Сновидения появились сразу. Замелькали, смешиваясь с калейдоскопической скоростью в одно целое; города, страны и эпизоды кровавых боёв, в которых Лёва принимал участвие. Последний фрагмент был особенно ярким и реалистичным. Он начался с тумана, в котором неожиданно появились рваное окно, а потом из него рокоча двигателем, изрыгая клубы пыли и дыма, выползла самоходка. Она неторопливо ползла по полю, покачивая своим орудийным стволом. С удивлением, Лёва вдруг ощутил себя в окопе, сжимающим в руках бутылку с зажигательной смесью. Самоходка остановилась, как бы принюхиваясь, повела своим стволом и… поползла прямо на Лёву. Загрохотал её пулемёт и пули, взбивая пыльные фонтанчики, стали всё ближе и ближе подбираться к Лёве. Не понимая, что он делает, Лёва выпрыгнул из окопа и, бросив в самоходку свою бутылку, побежал по полю, стараясь отбежать подальше от зоны обстрела. Ему уже почти удалось обойти самоходку с фланга, когда неожиданно земля под ним разверзлась, и Лёва не понимая, что случилось, полетел вниз в какую-то яму, Яма оказалась бывшим сортиром, наполненной до половины дерьмом. Чувствуя, что он вот-вот задохнётся Лёва замолотил со всей силы руками, взбивая пену на дерьме и… проснулся.
«Твою мать и присниться же такое. Хорошо хоть дерьмо приснилось, значит к деньгам. А если учесть его количество, то к большим деньгам», — вытирая холодный пот со лба, подумал Лёва.
Он поднёс к глазам свои часы. Стрелки на светящемся циферблате показывали два часа ночи. Он оделся и вышел во двор. К поездке всё было готово. Участники операции стояли, тихо переговариваясь друг с другом, возле сыто урчащей разогретым двигателем машины. Лёва обратил внимание на то, как Эльвира крепко держит Вована за руку.
«Нашли время любовь крутить», — недовольно подумал он. Закурив сигарету и глубоко затянувшись, как-никак первая утренняя затяжка, да ещё натощак, что может быть лучше, в наступающем новом дне, сказал:
— Всё собрали, ничего не забыли? Возвращаться не будем.
— Дядя, а может ещё, погостите? А завтра по холодку и полетите? — просящее, проговорила Эльвира, с нежностью посматривая на Вована.
— Отставить любовь на потом. Лучше помолись за нас, — садясь в машине на переднее сиденье пробурчал Лёва. — Ничего с нами не случиться. Откладывать дела плохая примета. Погнали хлопчики. Бог не выдаст, свинья не съест.

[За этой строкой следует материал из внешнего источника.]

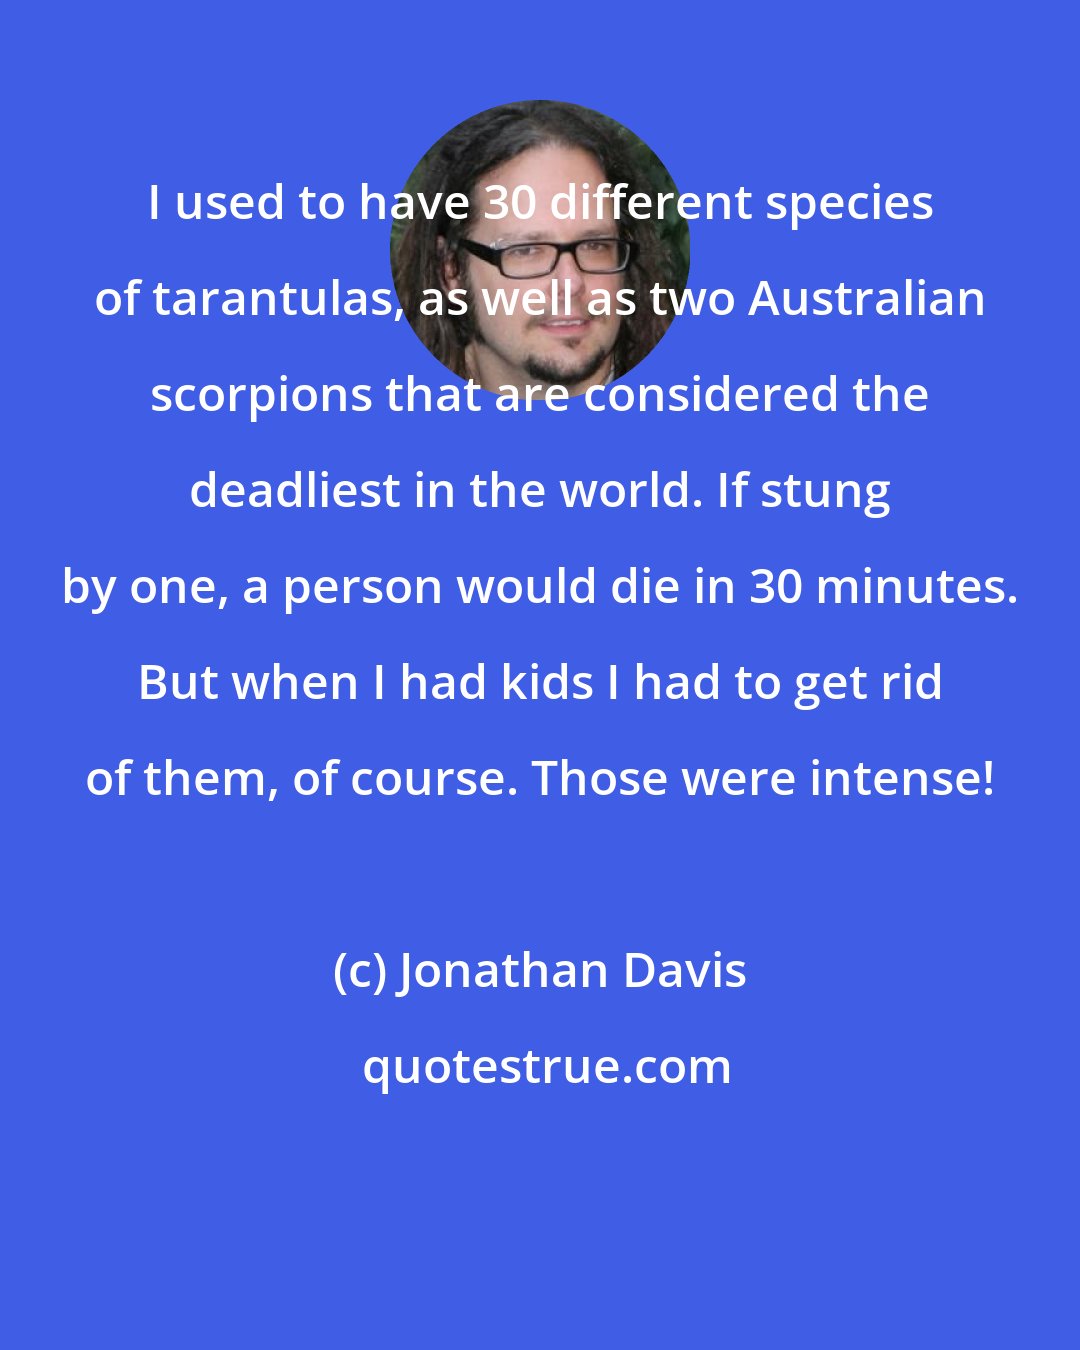 Jonathan Davis: I used to have 30 different species of tarantulas, as well as two Australian scorpions that are considered the deadliest in the world. If stung by one, a person would die in 30 minutes. But when I had kids I had to get rid of them, of course. Those were intense!

— Дальше неба не загонят, в землю хером не воткнут, — поддержал Лёву, многоопытный Михалыч. Погнали.
Машина взревела форсированным мотором и рванув с места в карьер, помчала ночных романтиков в аэропорт, где их ждал арендованный через подставную фирму частный двухмоторный самолёт « Цессна».
ГЛАВА СЕДЬМАЯ
Над златоглавой столицей развалившейся и благополучно почившей в бозе, двадцать пять лет назад империи, вставало солнце. Воскресный день обещался быть не по-осеннему сухим и тёплым. Только, что отзвонили колокола и на ионизированный ими воздух нёс над городом божественную благодать, призывая к покою и миру.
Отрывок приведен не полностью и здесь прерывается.